Are there any international instruments of persuasion available to address the Malaysian scandal? The UN’s Convention against Corruption, operative since 2005, contains no effective machinery to enforce compliance. In recent decades the Commonwealth of Nations has on several occasions pronounced judgment on abuses of internal governance in member states, but the targets have generally been military coups – hence the suspension of Nigeria, two suspensions of Pakistan and most recently two suspensions of Fiji.

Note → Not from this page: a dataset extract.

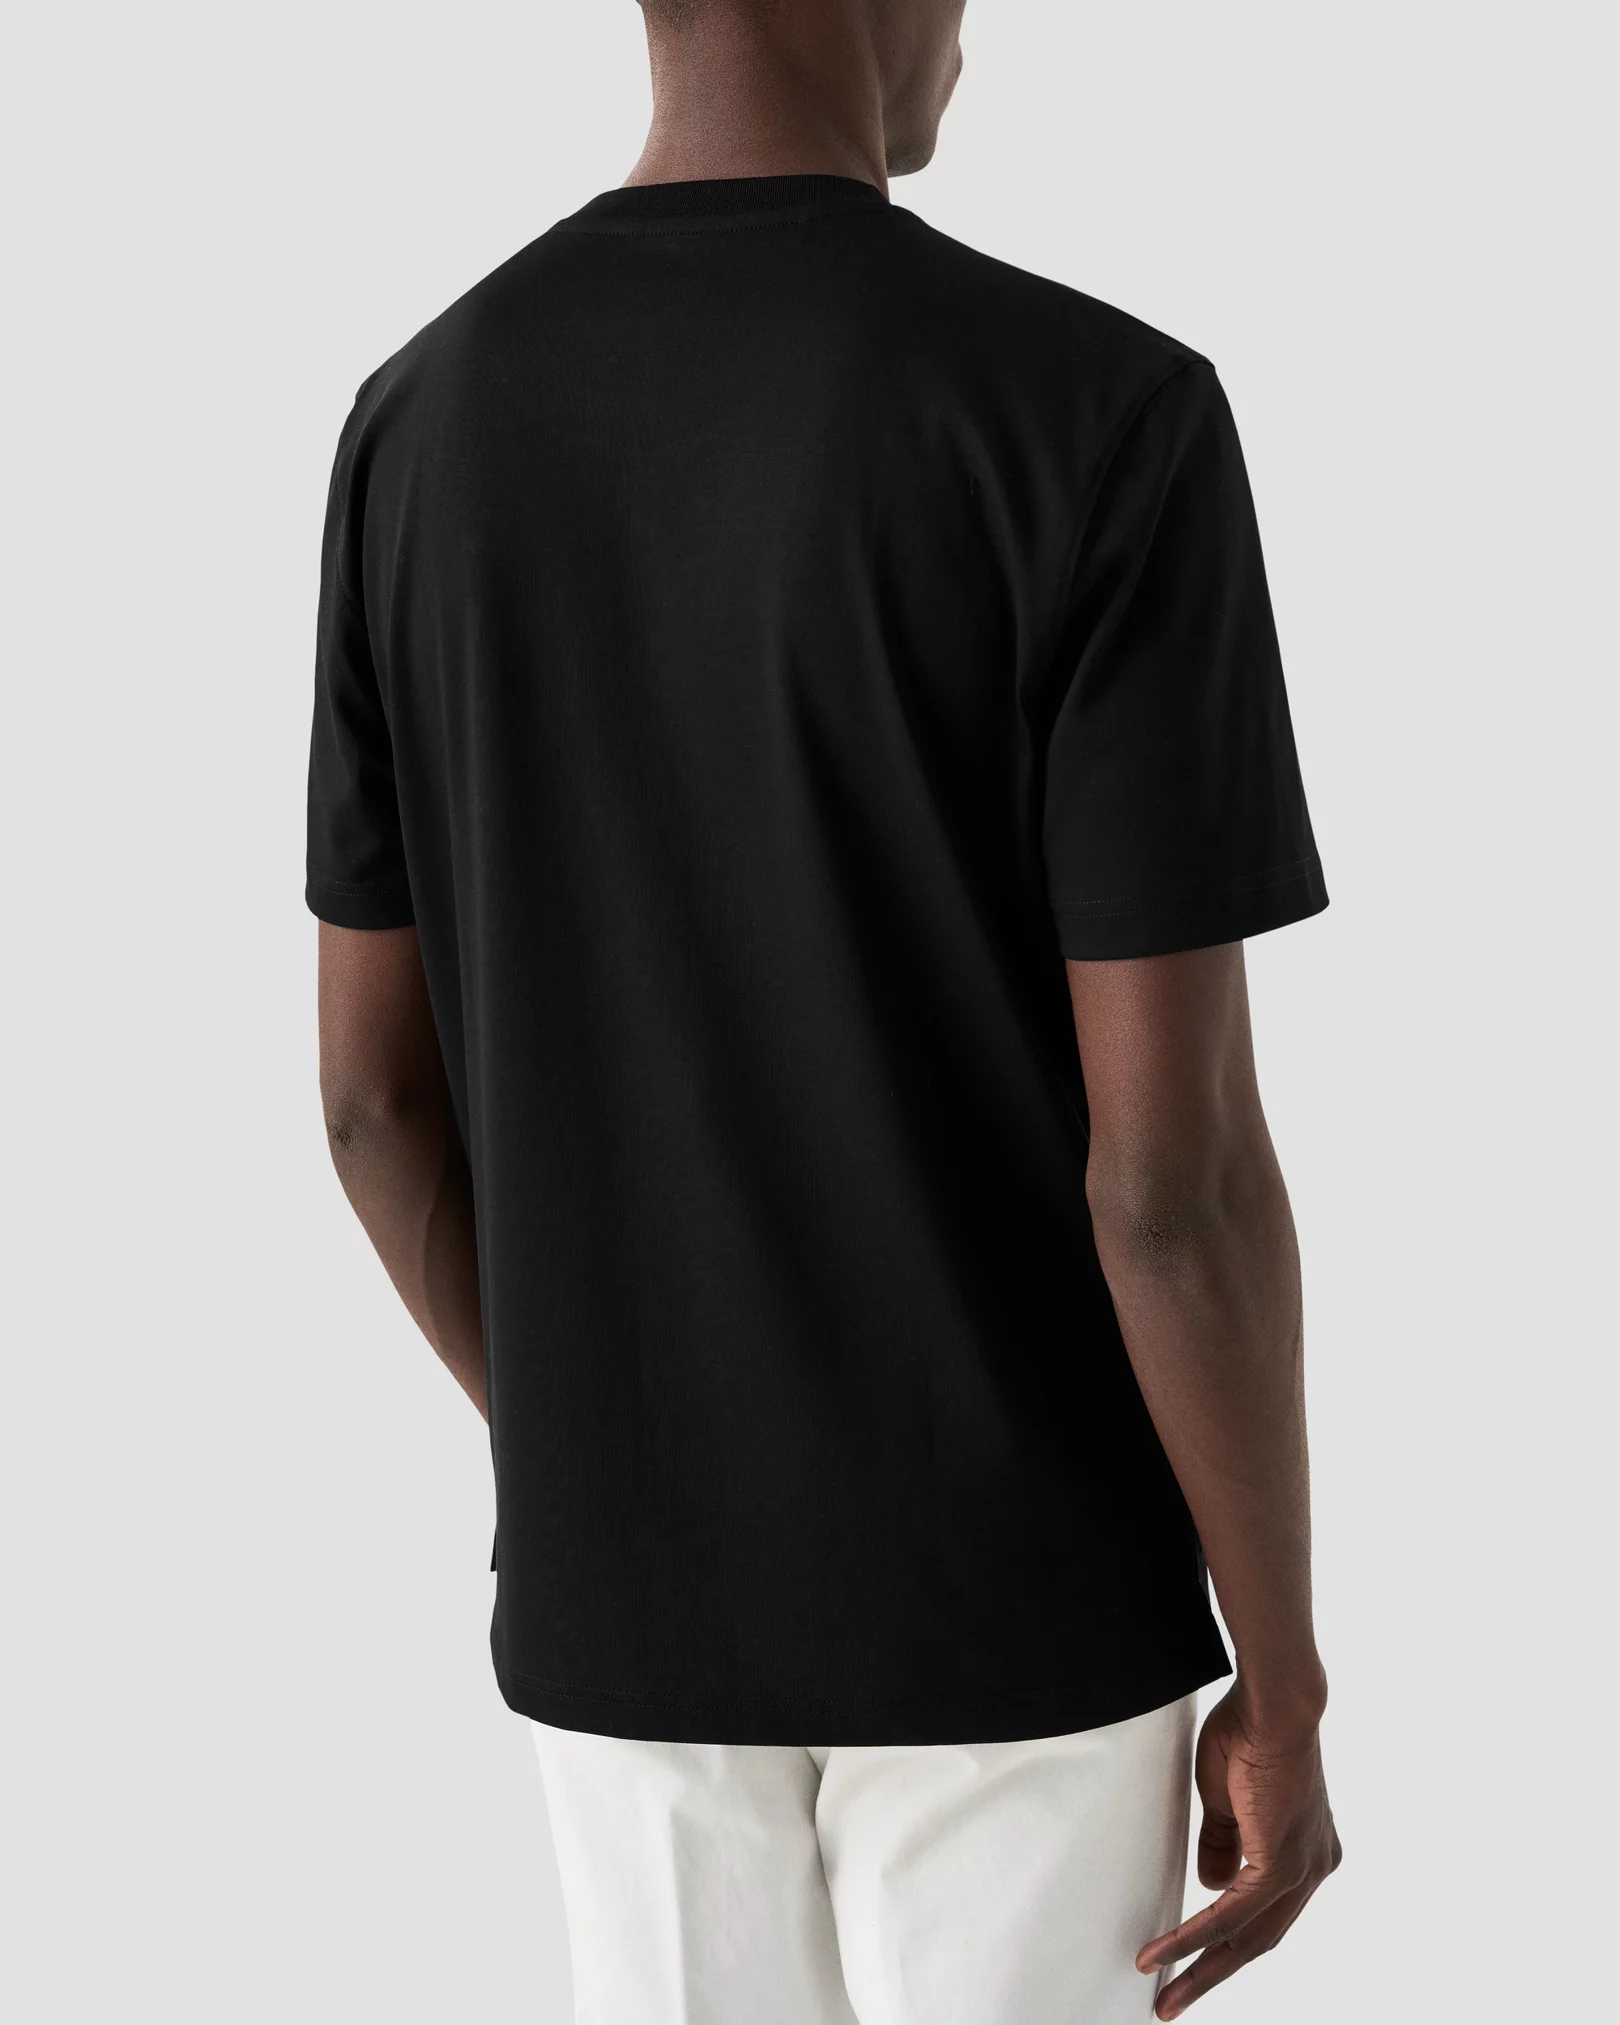 Eton - black cotton t shirt
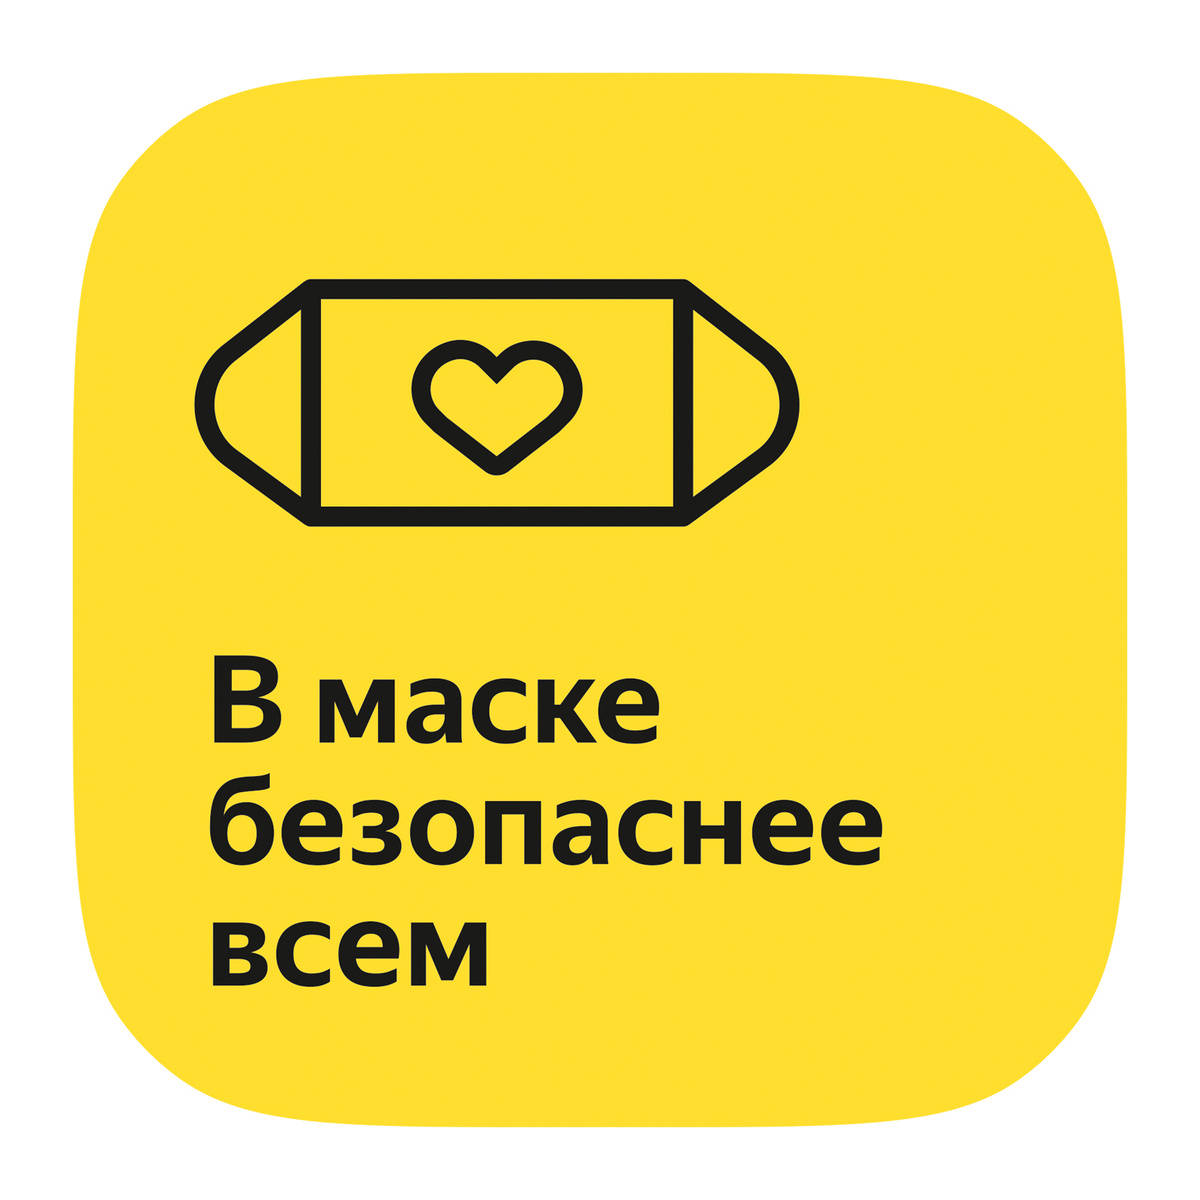 Яндекс Маркет Озон Интернет Магазин

Nevertheless, the quite far-reaching Commonwealth Charter, adopted in 2013, makes specific and hard-hitting references to the need to combat corruption. Somewhat ironically, the Commonwealth’s Eminent Persons Group, which drafted the Charter, was chaired by the then Malaysian Prime Minister, Tun Abdullah Badawi, Najib’s predecessor. Article 6 of the Charter says: “We reiterate our commitment to promote good governance through the rule of law, to ensure transparency and accountability and to root out, both at national and international level, systemic and systematic corruption”.
Although it’s unlikely that a friendly Commonwealth state would be eager to initiate collective discussion of Malaysia’s current scandal, it might be open to an aggrieved political party or parliamentary group to lodge a formal complaint with the Commonwealth Secretariat in London. The Commonwealth Secretary-General would then surely have little choice but to refer the complaint to the Ministerial Action Group, a sitting panel of Commonwealth foreign ministers, usually chaired by a head of government.
Malaysia is a sophisticated if heavily flawed polity and until recently boasted a fast-growing economy, attracting massive foreign investment. Its reduced ranking on the international corruption index and unflattering media coverage across the world is surely distressing to millions of its educated middle-class citizens. Meanwhile the key opposition parties have re-grouped and re-named themselves the Alliance of Hope. At least it is not the Alliance of Despair!
Peter Boyce AO is an Adjunct Professor in the University of Tasmania’s Politics and International Relations Program and President of AIIA Tasmania Branch. He has written on Malaysian affairs across several decades. He was guest speaker at a conference of the Malaysian Anti-Corruption Foundation in December 2015. This article is published under a Creative Commons Licence. It may be republished with permission.